Effects of the Invention According to the present invention, while promoting the introduction of air from the air introduction hole provided at the corresponding position using the auxiliary heat source, preliminary heat generation of the catalyst carrier is promoted, and furthermore, the heat generator is connected to the outer container and the reaction container. A double structure is used to form an annular space between both containers, and the air necessary for the exothermic reaction is introduced into the annular space in the outer container from the sampling hole, and then the reaction is carried out from the air introduction hole through the annular space. By introducing the air into the container and opening the air introduction hole into the lower space of the catalyst carrier in which the auxiliary heat source is arranged, the supply of air necessary for the exothermic reaction and the exothermic reaction are carried out stably and efficiently, It is possible to make the rise of heat generation sharper and quickly reach a predetermined temperature.
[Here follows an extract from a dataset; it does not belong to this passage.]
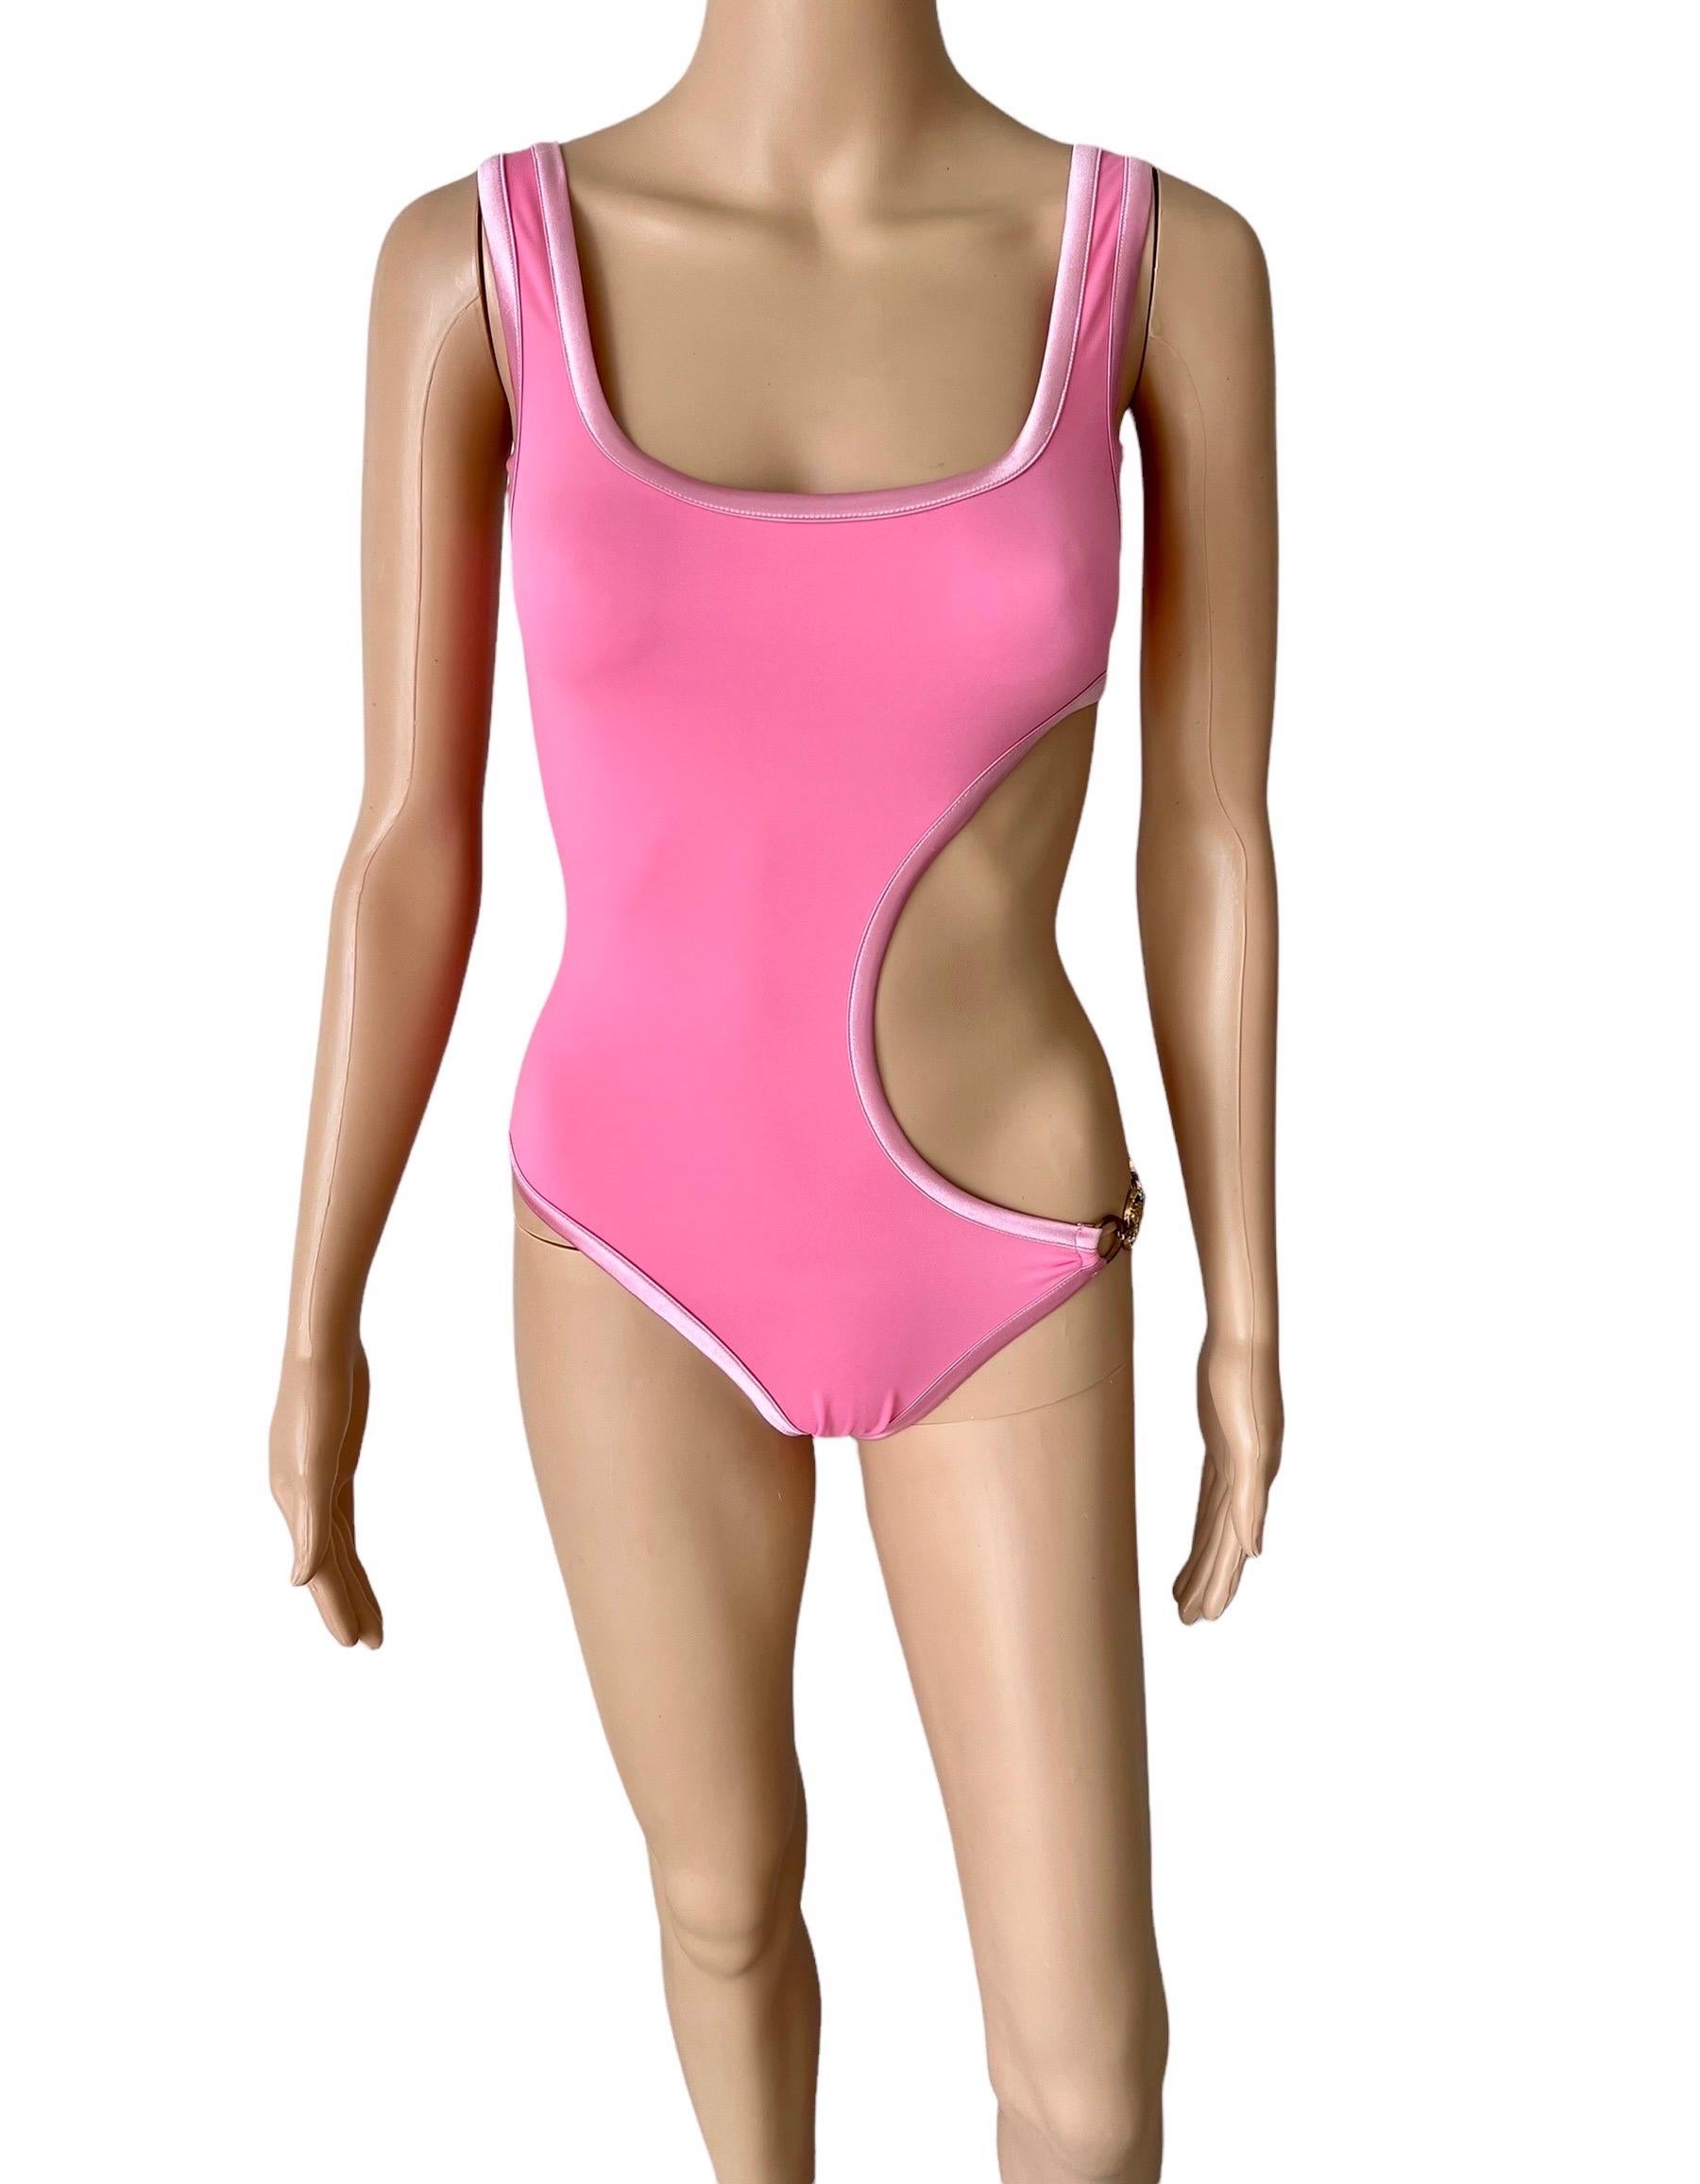 Versace S/S 2005 Cutout Crystal Embellished Logo One-Piece Swimwear Swimsuit In Excellent Condition For Sale In Naples, FL

[Brief explanation of drawings]

Fig. 1 is a side view showing an embodiment of the heat generating part in the catalytic heat generator, Fig. 2 is a side view showing another embodiment of the same, and Fig. 3 includes the auxiliary heat source mechanism and its control mechanism of the catalytic heat generator. FIG. 4 is a perspective view showing an example of the auxiliary heat source mechanism; FIGS. 5A and 5B are enlarged sectional views showing other examples of the control mechanism of the auxiliary heat source mechanism. . DESCRIPTION OF SYMBOLS 1... Catalyst carrier serving as a heat source, 2... Organic volatile agent, 3... Heating plate, 4... Hume component supporting mat, 5... Heat coil constituting an auxiliary heat source, 6
... battery, 8 ... heating medium constituting an auxiliary heat source,
11... Reaction container, 12... Capsule, 13...
Air introduction hole, 14... outer container, 15... air sampling hole,
18... Annular space.

Claims (1)

[Claims] 1. In a heat generator that generates heat by burning a catalyst carrier with a flammable gas, the catalyst carrier is placed in the upper opening of the reaction vessel, and a capsule of an organic volatile agent that generates the flammable gas is placed in the lower opening of the reaction vessel. An outer container is provided outside the reaction container to form a double-structured container having an annular space between the reaction container and the outer container, and an air sampling hole is bored in the outer container to introduce air into the annular space. At the same time, the reaction vessel is provided with an air introduction hole that opens into the lower space of the catalyst carrier and takes in the air in the annular space, and furthermore, the combustion of the catalyst carrier is formed at the position where the air introduction hole opens in the reaction vessel. A catalytic heat generator characterized by being provided with an auxiliary heat source to promote the reaction.